Егор был непроницаем. После той ночной сцены в нем что-то оборвалось. Он перестал замечать Настю.

«Ревнует», — подумала Настя. И улыбалась этой своей мысли. Равнодушный ревновать не станет. И чтобы раззадорить Егора, чаще обращалась к Феликсу, близко к нему наклонялась.

В саду ягодка, мали-и-нка моя...

Павел Павлович, заслышав её несильный, но приятный голосок, махнул рукой, вскинул на колени ящик с инструментом. Мигом распахнул футляр баяна. Его знаменитый баян засиял серебром и перламутром и на миг одним видом своим потушил песню, но в следующее же мгновенье зашелся, залился высокими голосами, зазвенел бубенцами, хрустальным перезвоном весенней капели...

Собственно, это была и не «Калинка», а прелюдия к старинной русской песне, вступительные аккорды и вариации, необходимые для создания песенного настроения.

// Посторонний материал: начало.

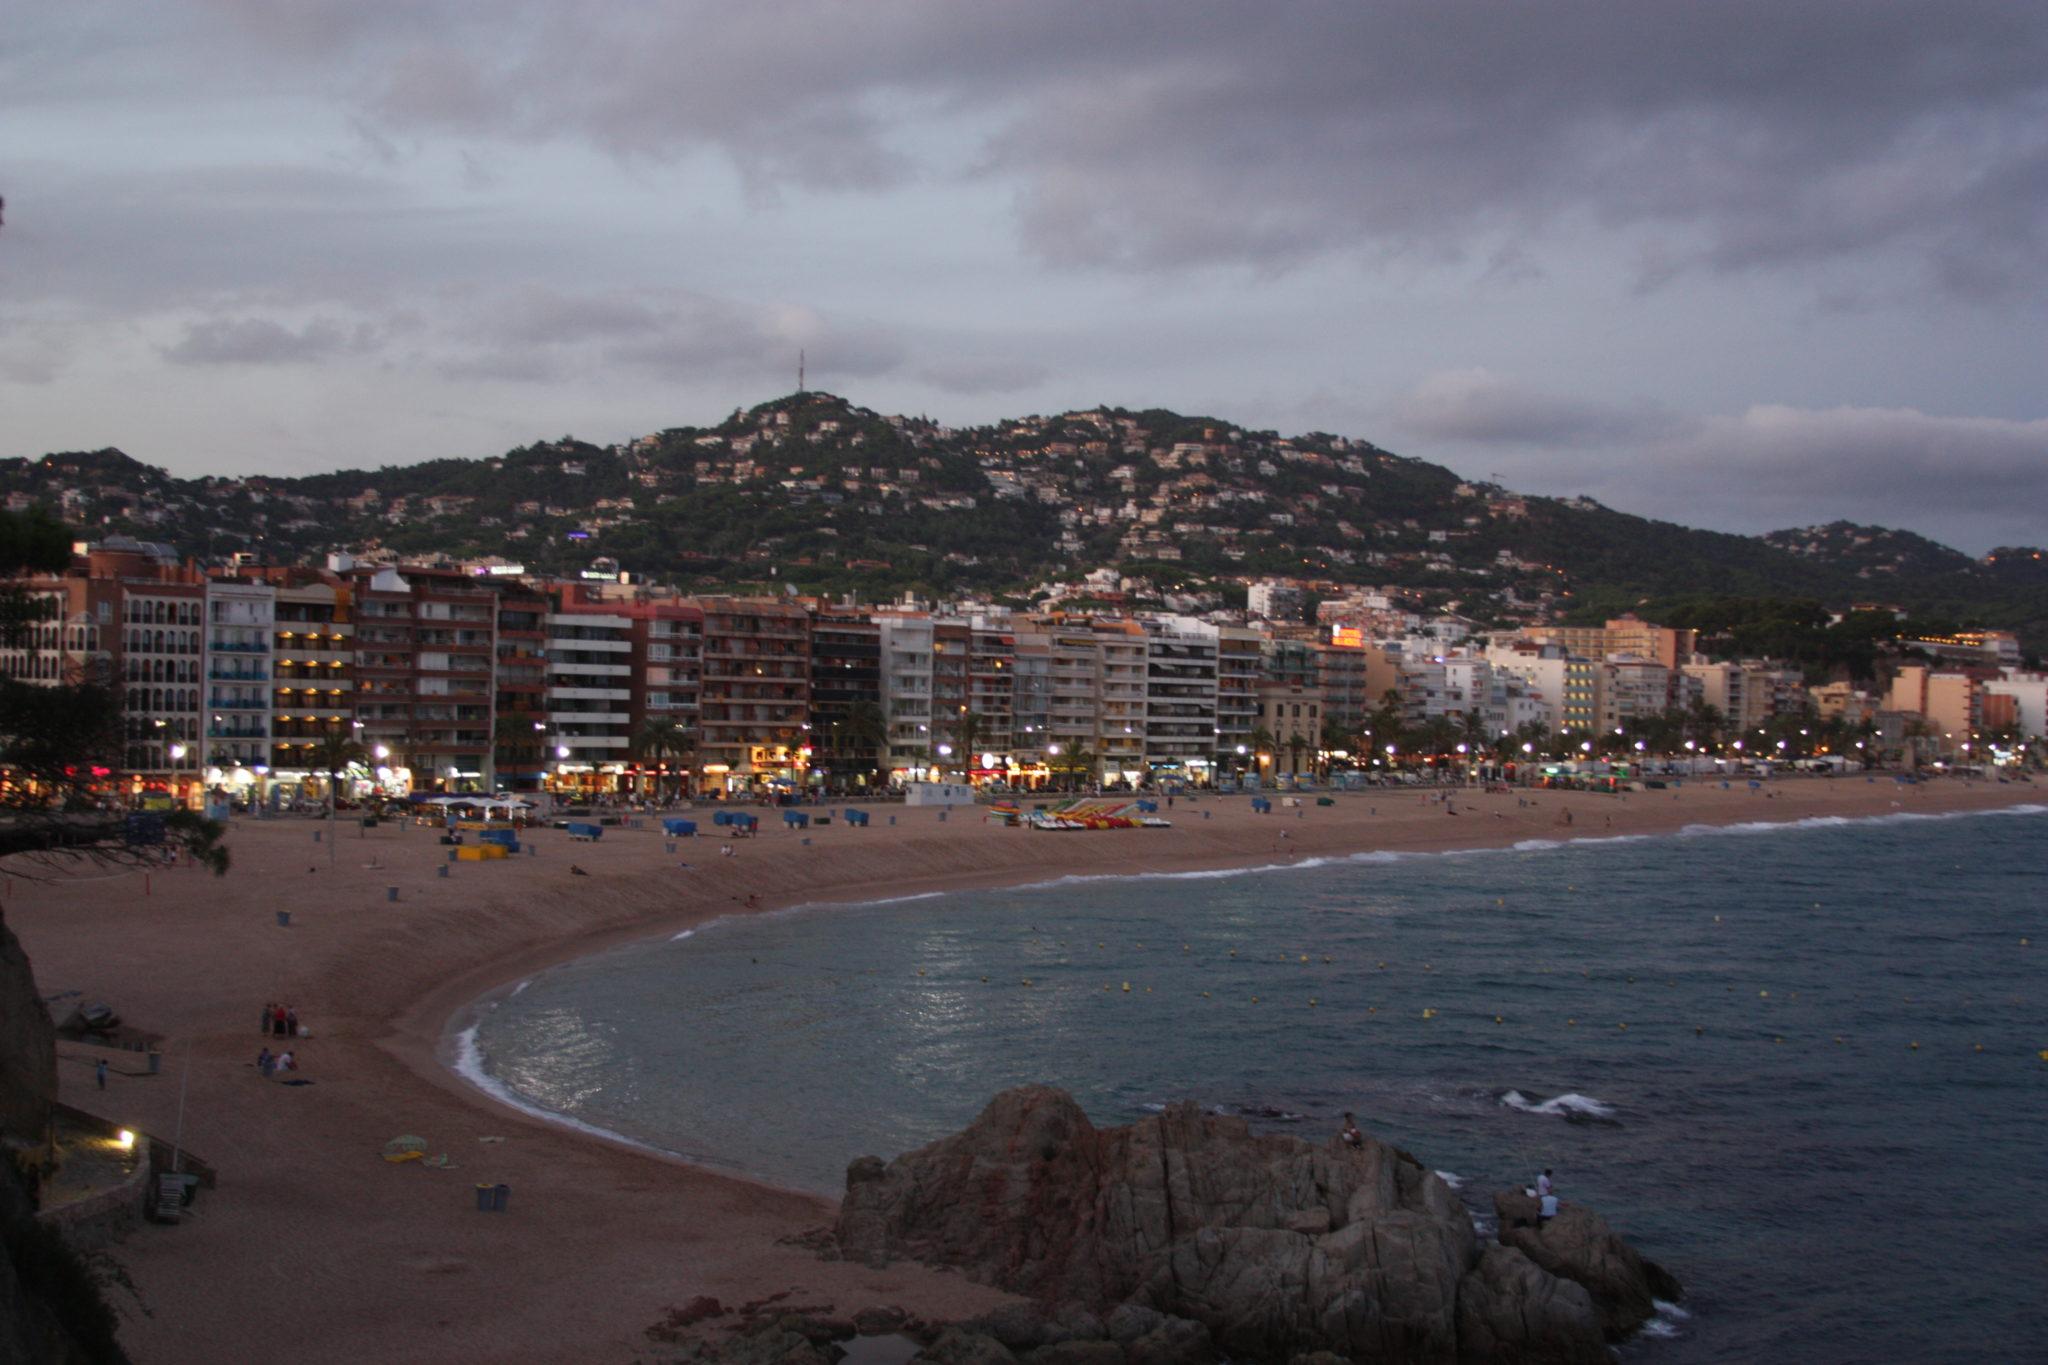 Пляж Ллорет де Мар

Но вот Павел Павлович приглушил баян, бросил взгляд па Настю, потом на Егора, кивнул ему, давая понять, что момент песни приближается, и, когда этот момент наступил, Настя, а вместе с ней и Егор запели:

Кали-и-нка, мали-и-нка моя!
В саду ягодка, мали-и-нка моя...

Егор пел тихо, боялся заглушить Настин голос, не хотел привлекать к себе внимание. Павел Павлович понимал Егора, но в глазах его Егор читал призыв наддать жару, выйти, как выражался старый музыкант, на весь диапазон. И Егор не выдержал. Дойдя до того места, где сольный голос должен выделиться из хора остальных, он поднялся и запел во весь голос:

Спать положи-ите вы-ы-ы ме-е-ня-я-я...

Восторг, изумление прочел на лицах. И тут же многие из стоявших и сидевших рядом подхватили: Кали-и-нка, мали-и-нка моя!..

Близость Насти воодушевляла Егора. Под конец они пели так хорошо и верно, что их импровизированный дуэт впору хоть выставляй на сцену. А когда Михаил Михайлович, руководивший песней, дал знак к её окончанию и Егор высоко и сильно заключил последнюю фразу, «Тройка» буквально взорвалась от аплодисментов. Кто-то поставил на стол табурет. Посадили на него Павла Павловича. Возникла импровизированная сцена.

Раздавались голоса: «Калинку, калинку!..» Михаил Михайлович поднялся на табурете, замахал смычком.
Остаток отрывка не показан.